М. А. Рыбникова (в будущем — известный школьный методист) интересовалась развитием действия в чеховском рассказе и повести.
Исследовательница рассматривает трансформацию чеховского малого жанра от рассказа-анекдота к лирическому рассказу, “стихотворению в прозе” и новелле. Однако вне этой типологии остаются как ранние “мелочишки” (скажем, “Жалобная книга”) и большие вещи (вроде “Цветов запоздалых”), так и поздние рассказы (“Ионыч” или “На подводе”). Намеченная типология растворяется во множестве жанрово не определенных исследовательницей текстов.
Обращаясь к большому чеховскому жанру (впрочем, Рыбникова с него начинает) и опираясь на чеховские автохарактеристики и критические суждения, автор статьи фактически повторяет оценки современников, не пытаясь их аналитически проверить. “Где в „Степи“ то, что зовется сюжетом? <…> В повести имеется весьма характерная для Чехова хронологическая канва, начало которой — „поехали“ и конец которой — „приехали“. Этого нельзя назвать завязкой и развязкой действия, ибо действия нет”. — “Но действий нет, и опять, как и в „Степи“, можно без ущерба для целого переставить порядок глав. В „Мужиках“ нет устремления к концу, к развязке, ибо нет и завязки; начало чисто внешнее”.
Формалистское различение между сюжетом и фабулой для исследовательницы еще не существует. Не возникает и вопрос, требующий перехода с внешней, критической, на внутреннюю, аналитическую, точку зрения: если сюжета нет, на чем же строятся не только “Степь” и “Мужики”, но и больше десятка больших вещей позднего Чехова? Доверчивая оценочность заменяет в этом случае научную спецификацию. Впрочем, оценочный подход к большой чеховской форме (не владел, не умел) сохранялся в силе еще десятилетия.
“…Ему не давалась техника романа, он не владел формой большого повествовательного целого, как и другие его современники, — т. е. литературная школа конца XIX в.” (Рыбникова).
“Один издатель как-то сказал мне, что у каждого писателя где-то внутри оттиснута определенная цифра, точнее, число страниц, которое он не превысит ни в одной книге. Мое число, помнится, было 385. Чехов никогда бы не смог написать настоящий длинный роман — он был спринтером, а не стайером. Он словно не умел подолгу удерживать в фокусе узор жизни, который повсюду выхватывал его гений; он мог сохранять его живую прелесть ровно столько, сколько требуется для рассказа, но не мог сохранить детальность, необходимую для длинного и развернутого повествования” (Набоков).

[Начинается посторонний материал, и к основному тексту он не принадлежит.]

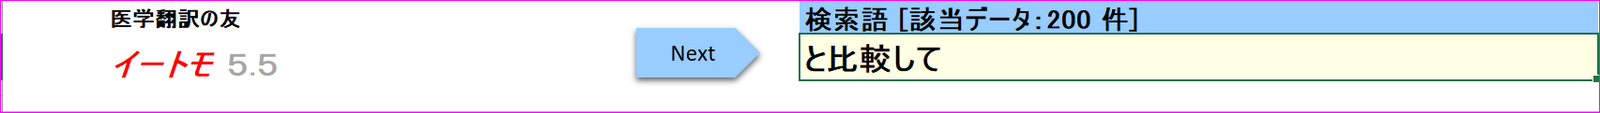 Hikaku1

С подобной точкой зрения будет полемизировать В. Б. Шкловский, указывающий на иные — именно сюжетные! — принципы связи чеховского большого жанра: “Сюжет, основанный на случайности, на занимательном происшествии, Чехов отвергал. Литературовед М. А. Рыбникова писала по поводу повести А. Чехова „Мужики“… <далее следует цитата. – И. С.> Все это, конечно, неправильно. Чехов не собирался и не думал писать такую повесть, в которой каждый момент немедленно получал бы сюжетную развязку. Этого не найдем мы ни в „Мужиках“, ни в „Степи“. Недоумение Рыбниковой принадлежит не ей одной. Рассказы Чехова казались несвязными и критику Змиеву (Булгакову), и Н. Михайловскому. Но у Чехова несвязанность элементов повествования только кажущаяся. Действие не должно у него происходить в одной семье, при помощи анализа деталей он охватывает сюжетной канвой всю широко написанную картину”.
Статья А. Г. Горнфельда, теоретика, переводчика, критика психологической школы, ученика А. Потебни, работавшего когда-то в журнале “Русское богатство” вместе с Михайловским, в отличие от рыбниковской, строится на полемике с той, уже давней, эпохой.
С исторической дистанции критик спорит со своим журнальным соратником о случайности тем и композиционной несобранности сюжетов чеховских рассказов.
“В „Палате № 6“ мы опять имеем бусы, да еще путаные” (Михайловский).
“Рассказ Чехова стоит перед нами — последовательный и цельный: его отдельные бусы, нимало не путаные, сомкнулись в законченное художественное создание” (Горнфельд).
Путь Чехова критик видит как движение от ранних финалов-неожиданностей, крутых и окончательных развязок, — к поздним финалам-размышлениям, ничтожеству всякого действия, всякого движения пред лицом спокойного течения жизни.
“Кончился рассказ Чехова, и мы расстаемся с его героем, чтобы сохранить в памяти его судьбу и его облик. В каком виде мы оставляем его, за каким делом? Всегда за одним: он думает. Думает тихо, без действий, без больших решений, обреченно, тоскливо, напряженно. Сложив руки, вернее, опустив руки, он думает. Самое слово это — излюбленное слово последней страницы, последних строк Чехова”.